The accuracy of predictions of groundwater movement in fractured-carbonate aquifers is often limited by how well the fracture network has been characterized. While hydrogeologists are starting to recognize that sedimentological and stratigraphic models provide a method of incorporating geologic variability into models of fluid flow, less attention has been focused on the stratigraphic controls on fracture patterns. Fracture patterns in sedimentary rock can be evaluated in terms of mechanical stratigraphy. Stratigraphic horizons that resist fracture propagation act as mechanical interfaces that bound mechanical units since fractures abut these horizons. In this study, we integrate lithostratigraphic data with a detailed characterization of the mechanical stratigraphy of the Silurian dolomite in order to better predict the distribution of fractures in the subsurface.

Silurian stratigraphy in the Door Peninsula consists of predictable alternations of two characteristic facies associations: the Inner Shelf Facies Association deposited in supratidal to shallow tidal environments and the Middle Shelf Facies Association deposited in subtidal environments. The Inner-Middle Shelf Facies Association is transitional between these two end members.

Fracture maps of vertical quarry walls are used to assess the stratigraphic controls on fracture patterns. Fractures in the thinly-bedded Inner Shelf Facies Association are generally evenly distributed, densely spaced, and frequently abut against depositional cycle boundaries such as organic or mud horizons. Less commonly, fractures abut against horizons within a depositional cycle. The massive Middle Shelf Facies Association contains longer and more widely spaced fractures; fractures do not appear confined to distinct stratigraphic horizons because of the overall absence of weak interfaces.

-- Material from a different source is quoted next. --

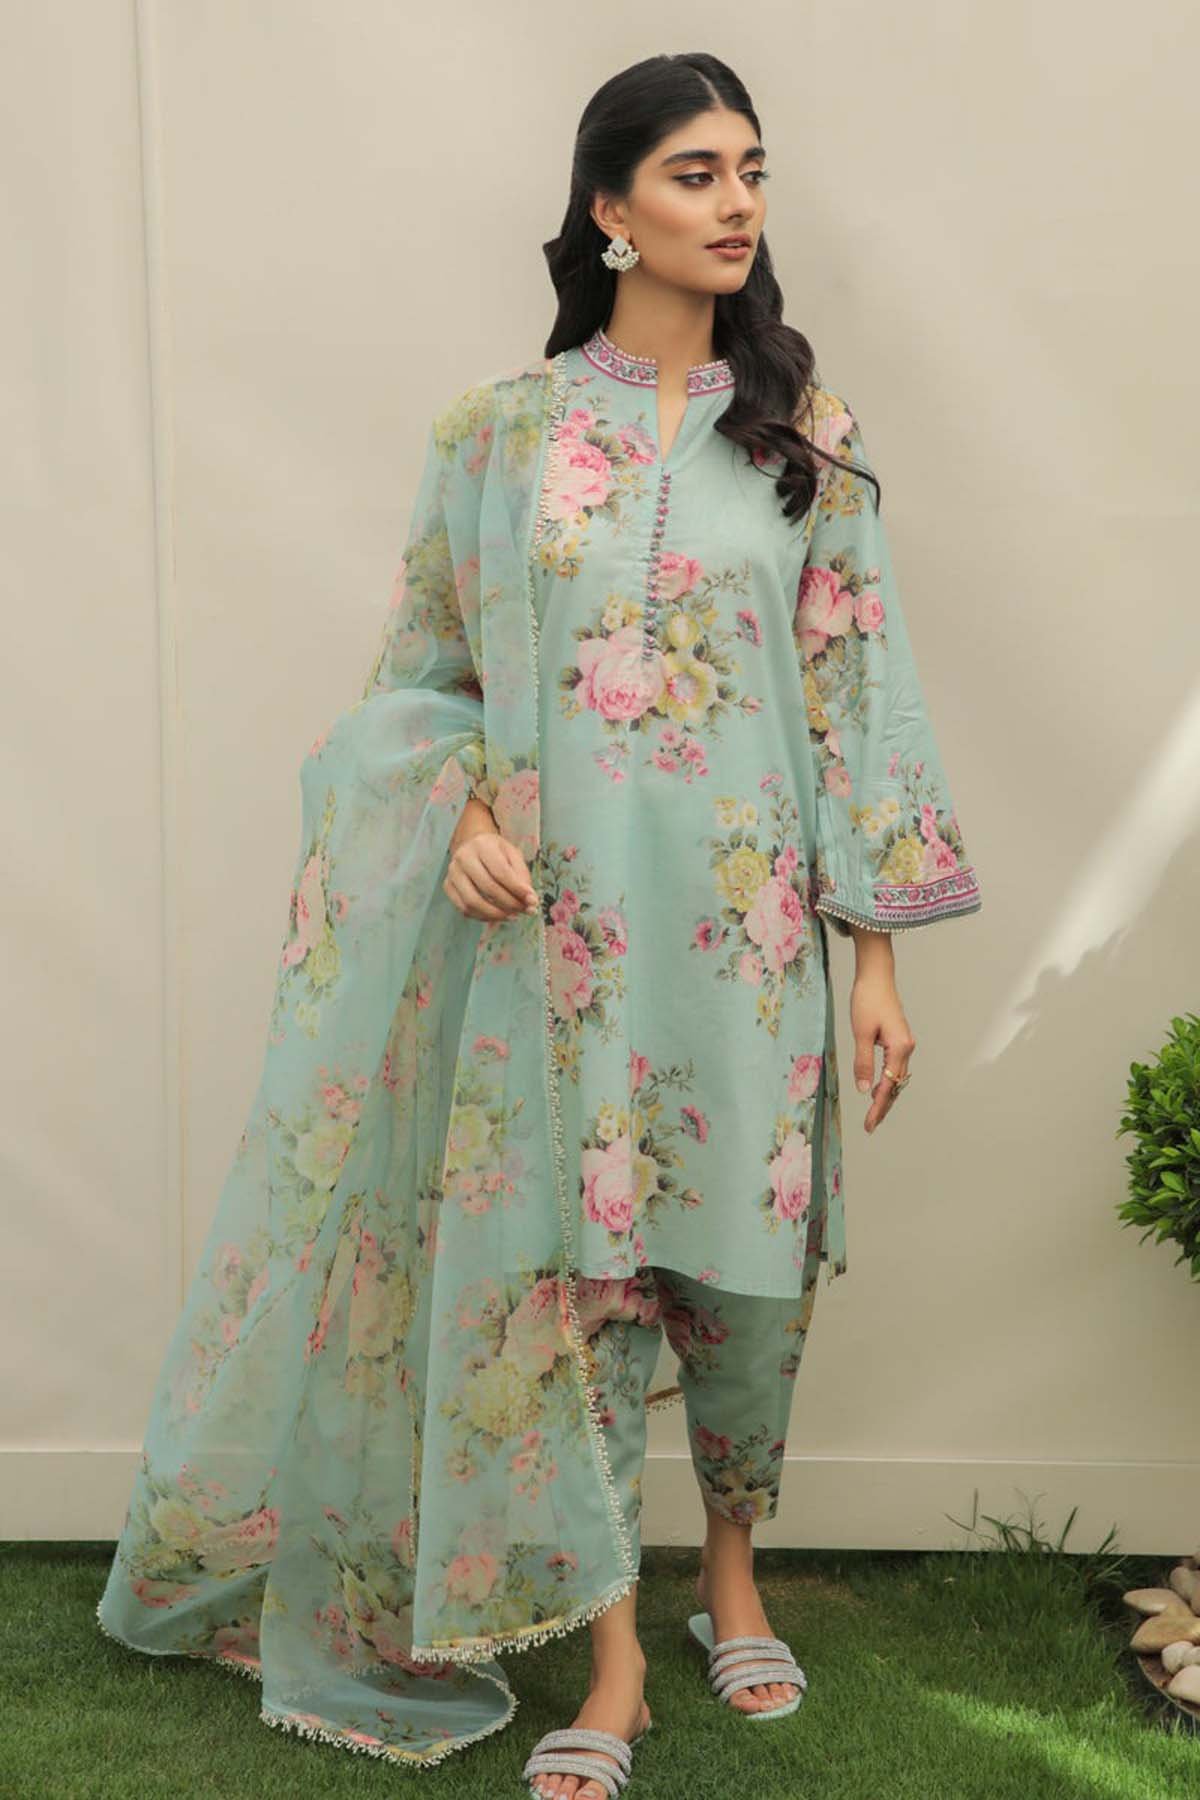 Baroque women new dress design empires collection pakistan top brand clothing brand fashion 3 piece suit

Data obtained from fracture maps are used to develop empirical relationships between lithostratigraphy and mechanical stratigraphy. These relations allow us to predict mechanical stratigraphy and fracture patterns at depth where only lithostratigraphic data are available. This methodology is tested by comparing stochastically predicted mechanical stratigraphy to observed mechanical stratigraphy.